*** INPUT RECORDS Section Begins ***
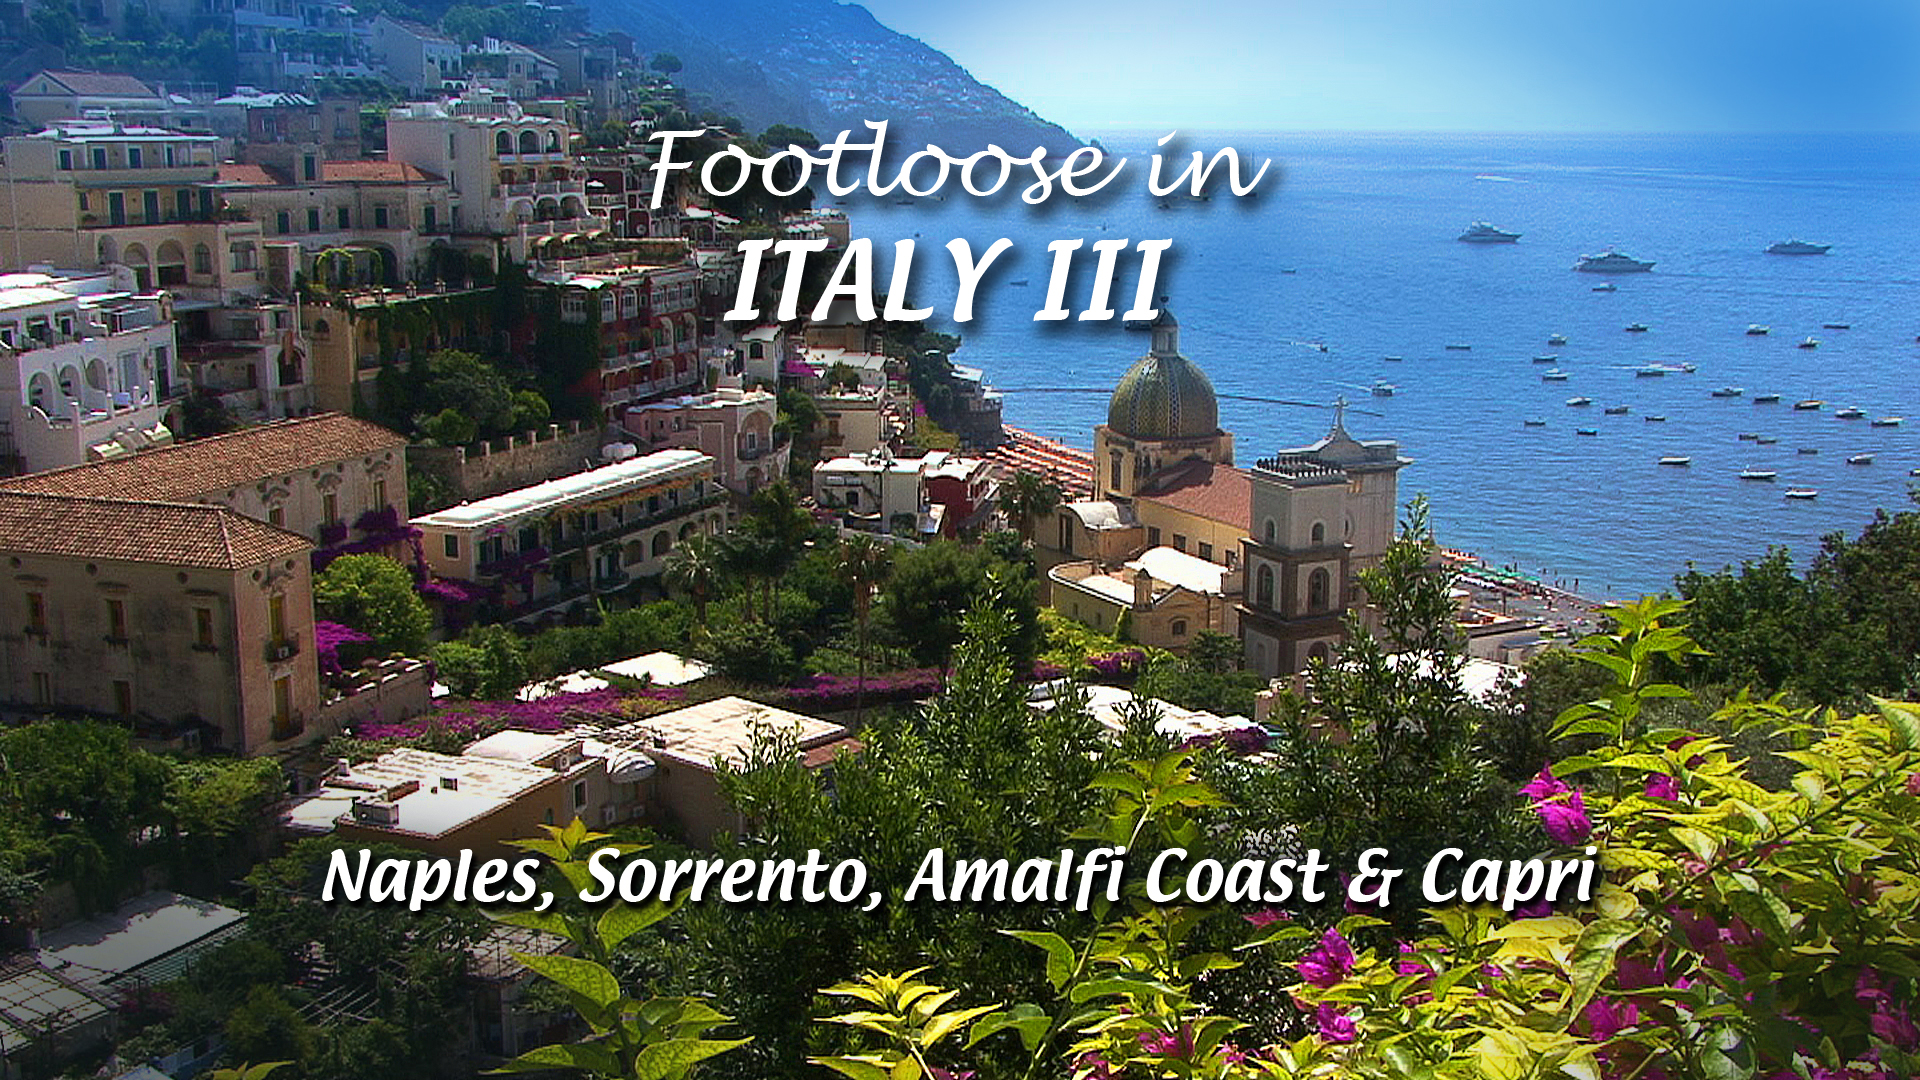 Footloose in Italy III - 3 Naples, Sorrento, Amalfi Coast and Capri
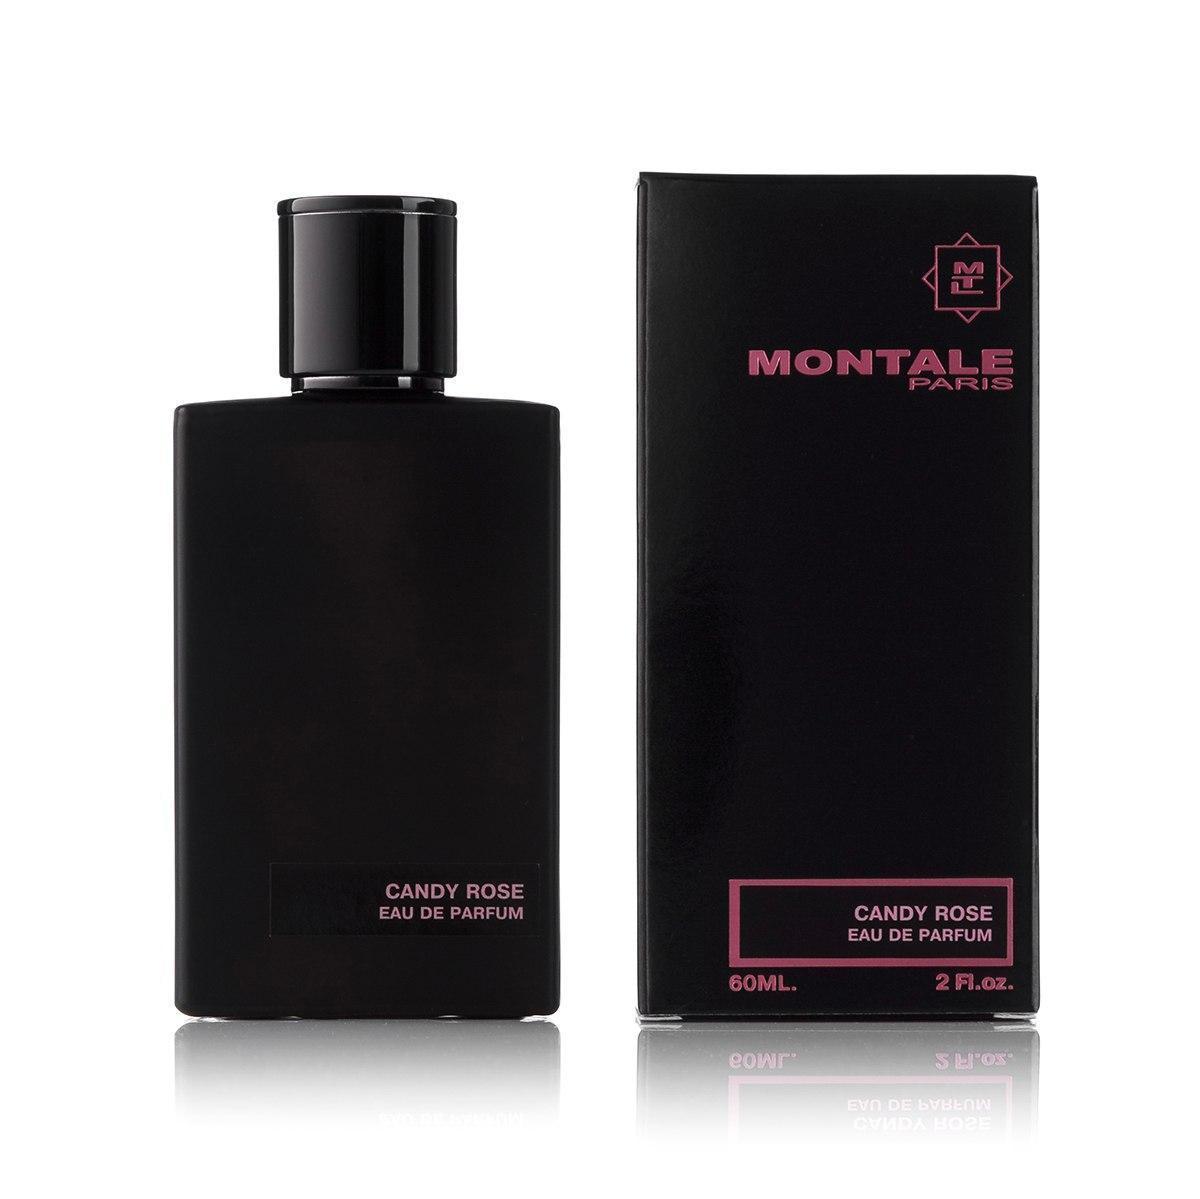 Мини парфюм 60 ml Montale  Candy Rose (Ж) -M-8
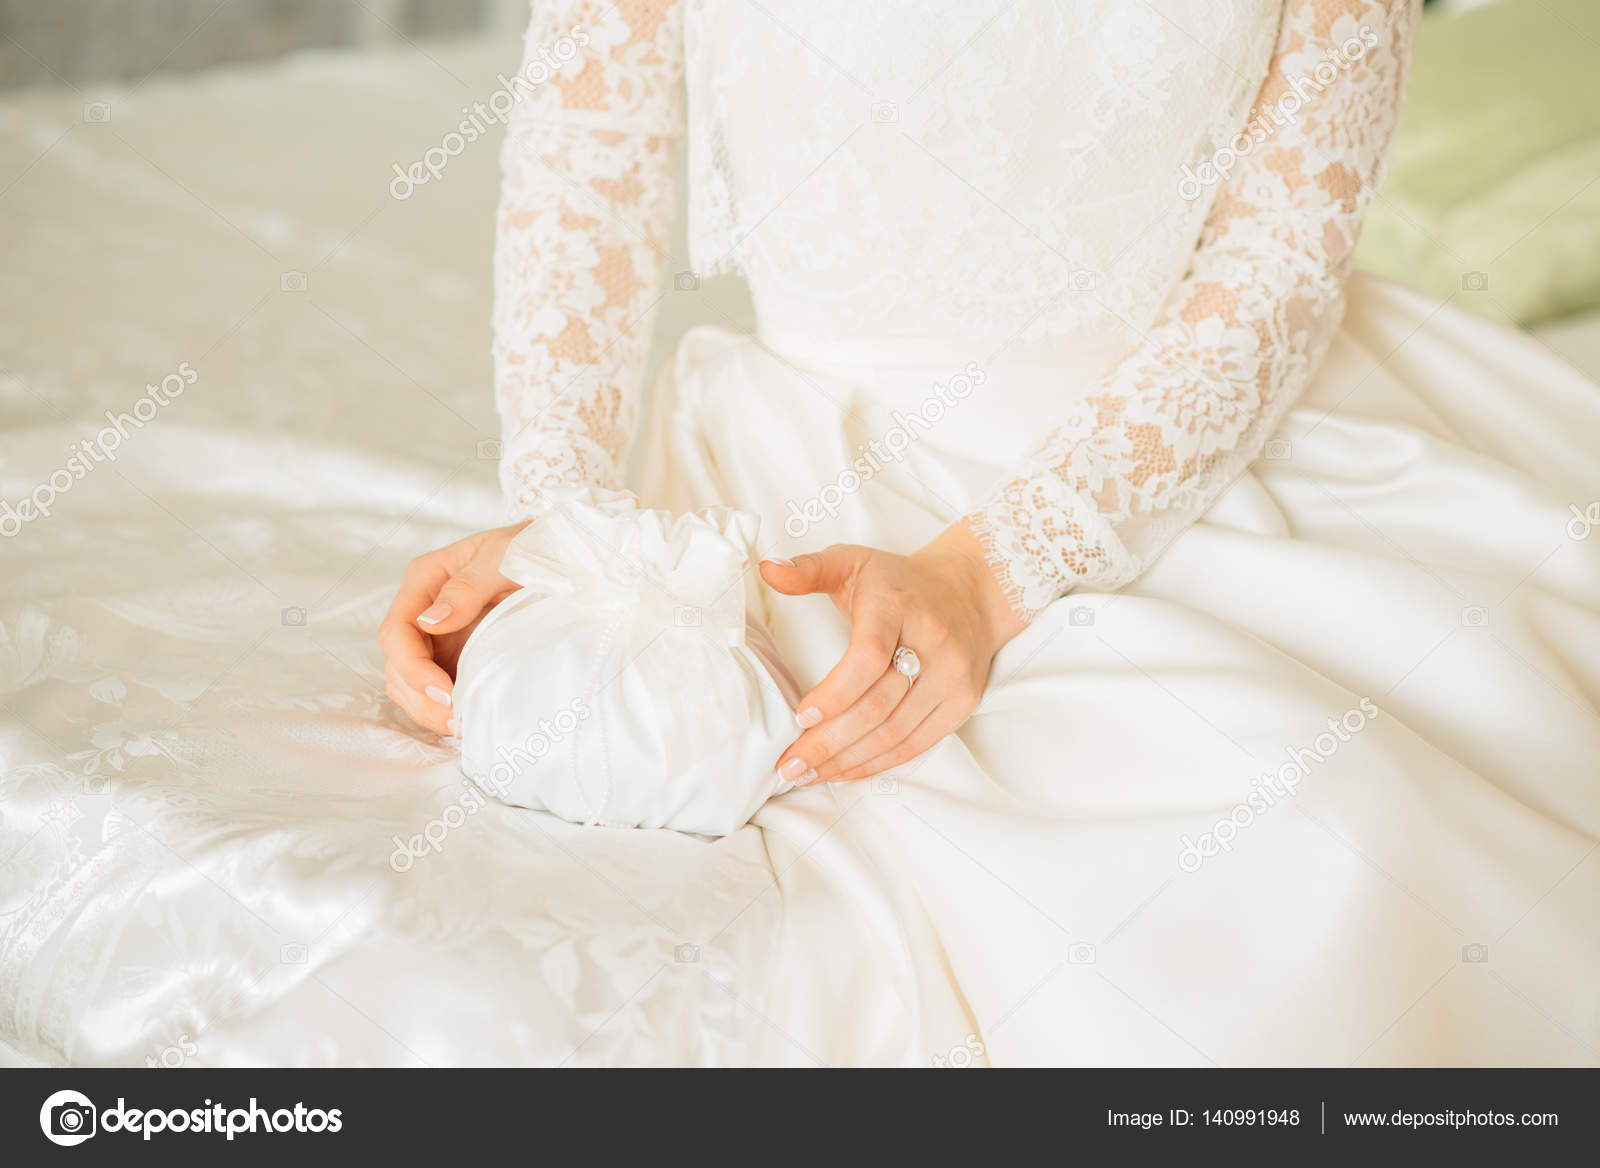 ea91ce342b Η νύφη βγάζει ένα κουτί λευκό τσάντα με βέρες ή ένα δώρο — Φωτογραφία  Αρχείου
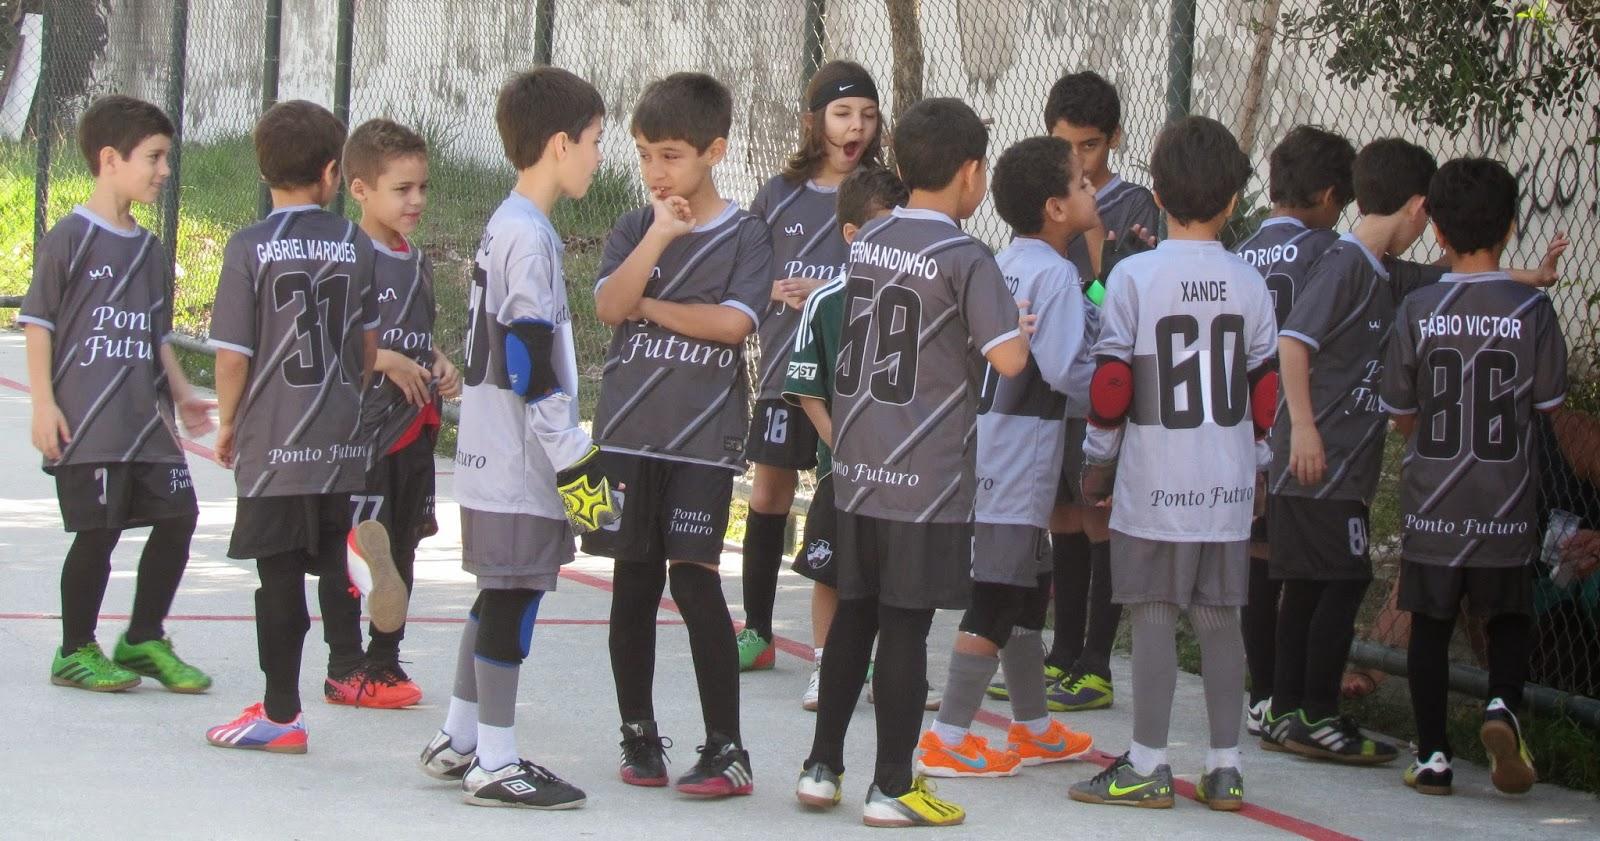 Ponto Futuro Futebol
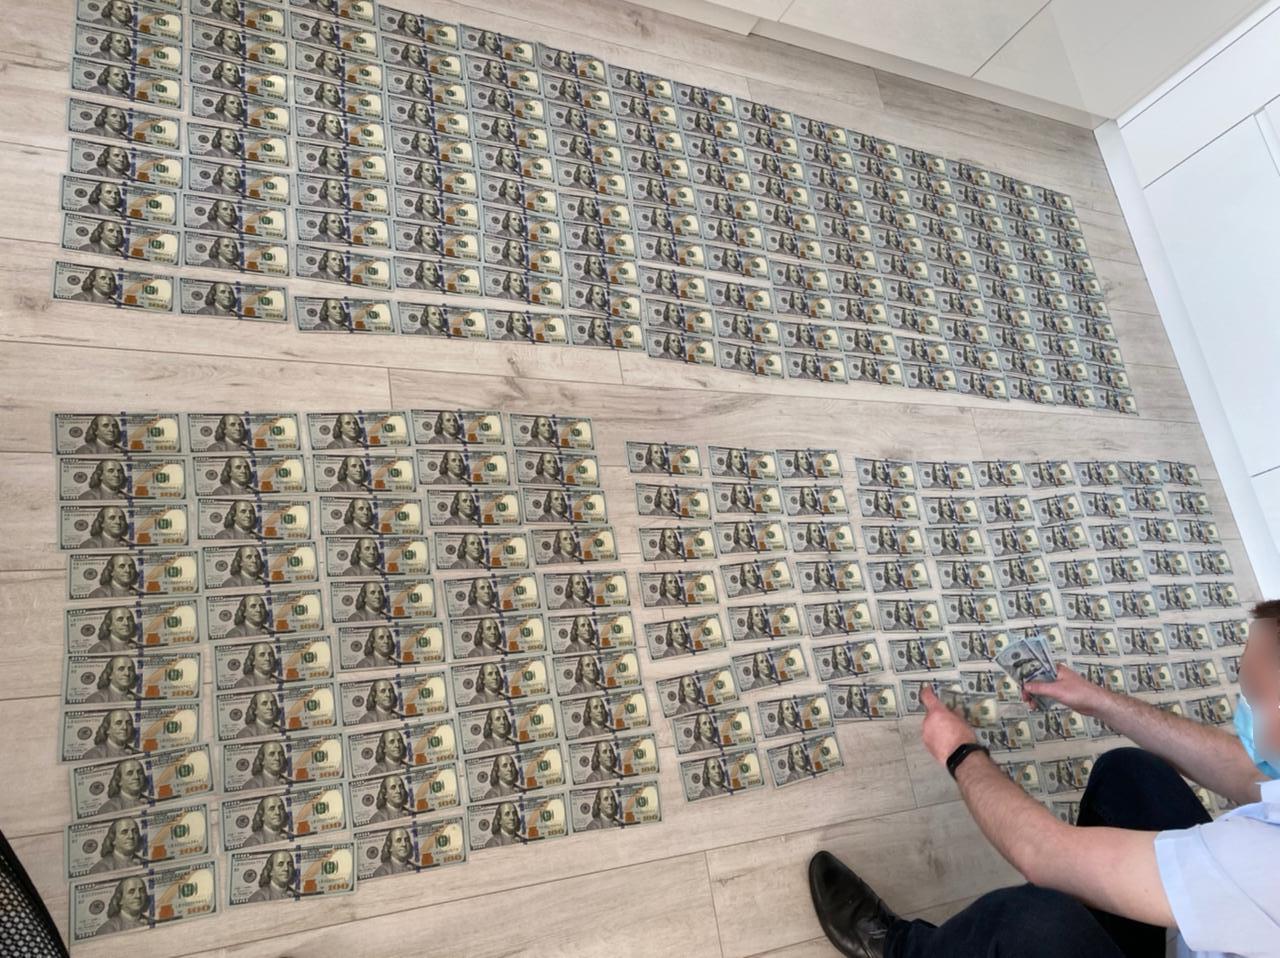 US 100 dollar bills on the ground
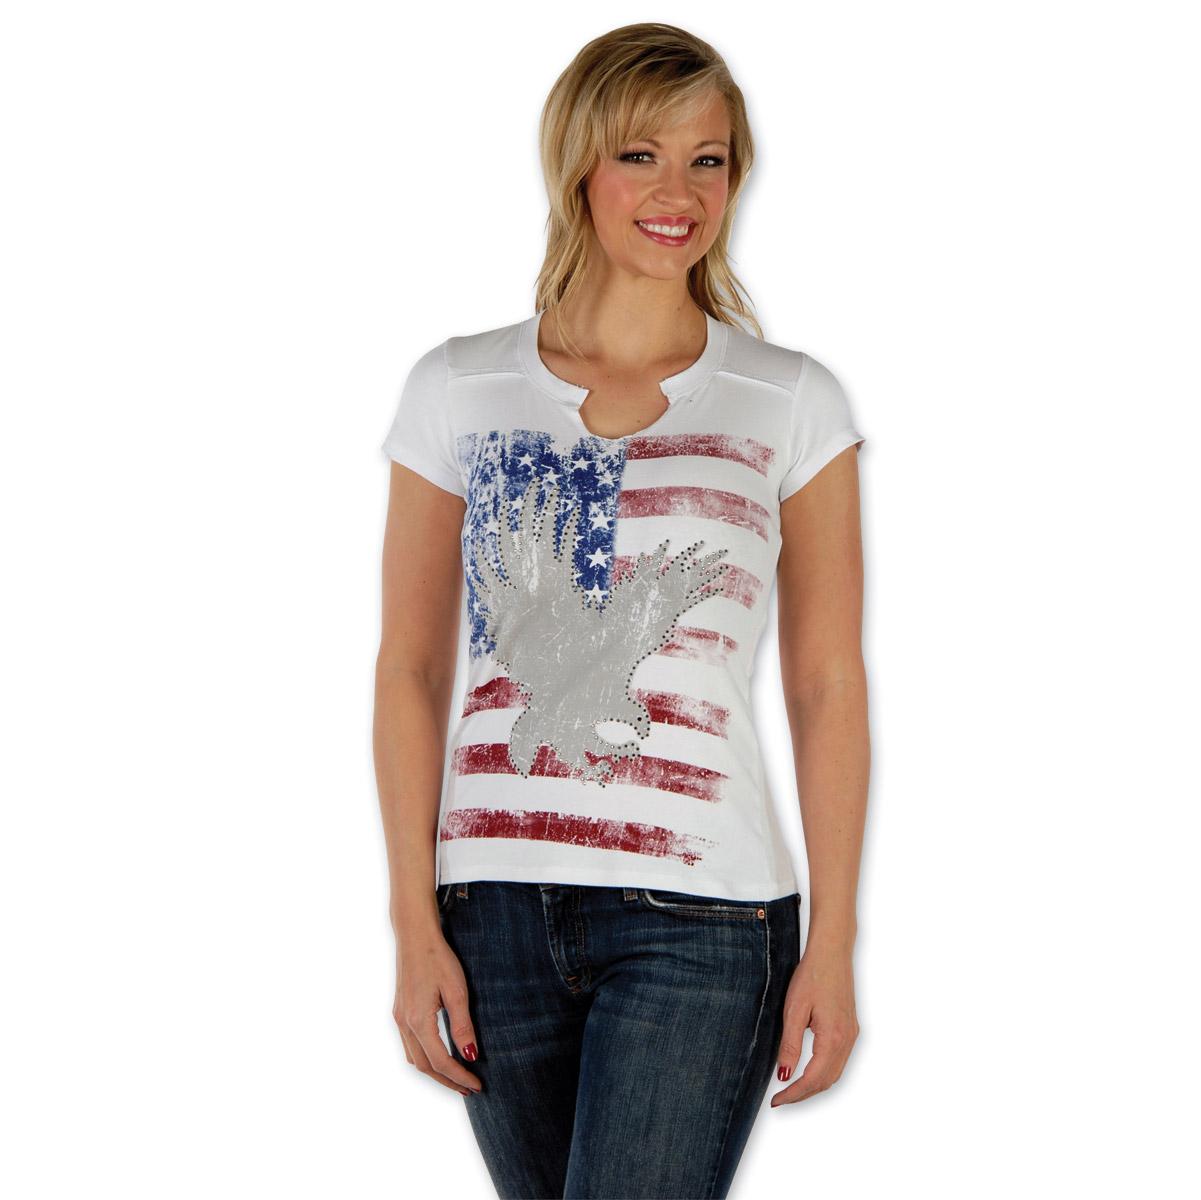 Liberty Wear Eagle Flag Embellished Ladies White T-shirt
*** INPUT RECORDS Section Ends ***
## ACTIVITY:
In the copy, include exactly the lines from the one with "Ponto Futuro Futebol" through the final line of the entries above, both ends counted, and no pictures.

## PROBLEM SOLUTION:
 Ponto Futuro Futebol
 US 100 dollar bills on the ground
 Liberty Wear Eagle Flag Embellished Ladies White T-shirt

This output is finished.